I feel sorry for you that you feel that your wasted time.


----------



## robnitro (Aug 3, 2016)

Yeah, only difference is that in gas cars the map sensor can read vacuum.

Kudos to your preventative maintenance of cleaning it. Mine was so caked with soot at 105k when I got the x5, I was amazed that it still worked!


----------



## alacey (Mar 14, 2018)

Cleaned out the MAP sensor this morning. Man was it filthy. The oil on my fingers was from the sensor. Sprayed the inside with electrical cleaner and a bunch of black gunk came out. Took about 5 minutes tops. Uses a #30 torx head. 

I took it down the road and the acceleration shudder I had when pressing the throttle 25-35% at around 1,700 rpm at highway speeds was gone. This has been annoying me for a while now. Made multiple attempts to recreate the shudder (which could easily be replicated before) to no avail. In hindsight I should have known to look at this sensor sooner for this issue since it only did it at certain loads(pressures) and this sensor is responsible for giving the ECM load information.


----------



## alacey (Mar 14, 2018)

First full tank after cleaning the MAP sensor. Computer said 49.5 mpg. Hand calculated was 48.2 mpg. Used Eco-pro with the coasting feature and start/stop turned off. Previous best in the same driving conditions was 46.6 mpg hand calculated.

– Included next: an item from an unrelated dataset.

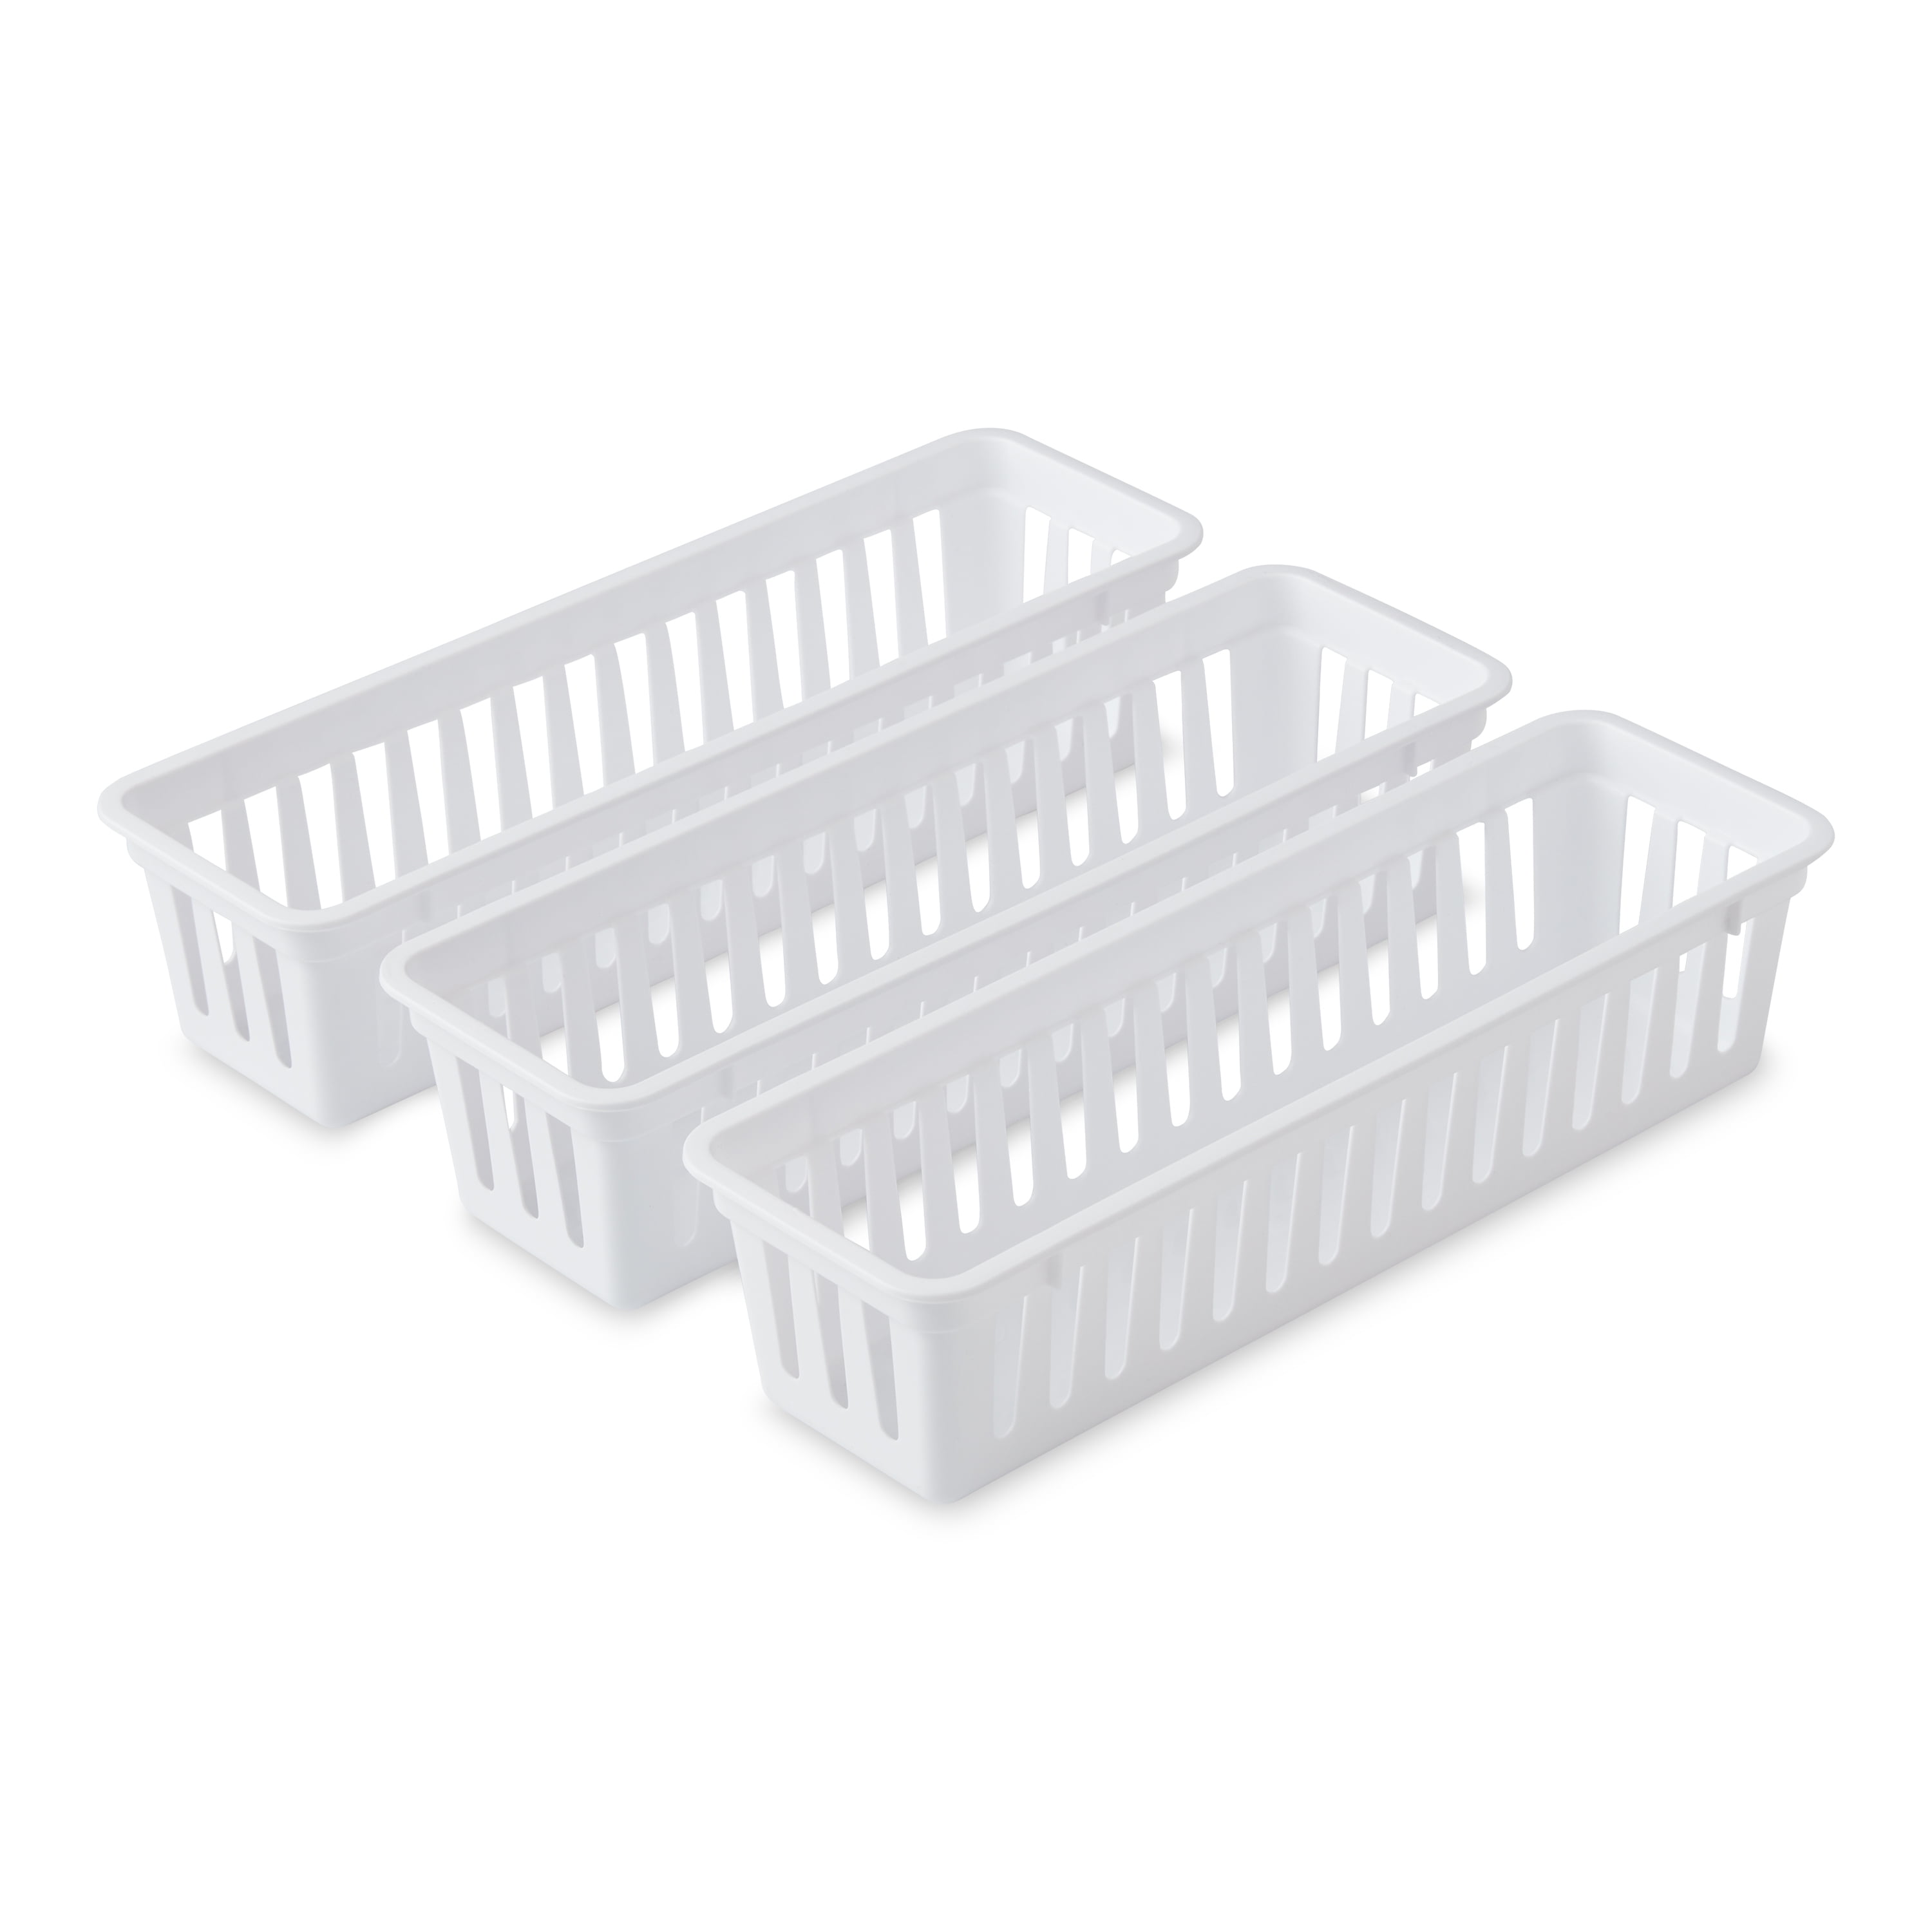 Mainstays Set of 3 Drawer Storage Narrow Utility Baskets, 10.3" x 3.1" x 2.4"

I can't contribute all of this to the MAP sensor versus my past several fill ups since last December. Based on the increase I have seen in my truck versus the past several tanks, I believe this is also the first full tank of summer diesel as well. Refineries go down around March here for maintenance and change over to summer blends so it takes a while to finally get distributed to all the stations. They change over to winter blends around October.


----------



## Markbat49 (Mar 11, 2021)

I can't find my map sensor, anyone got a d diagram as to where it is. Thanks


----------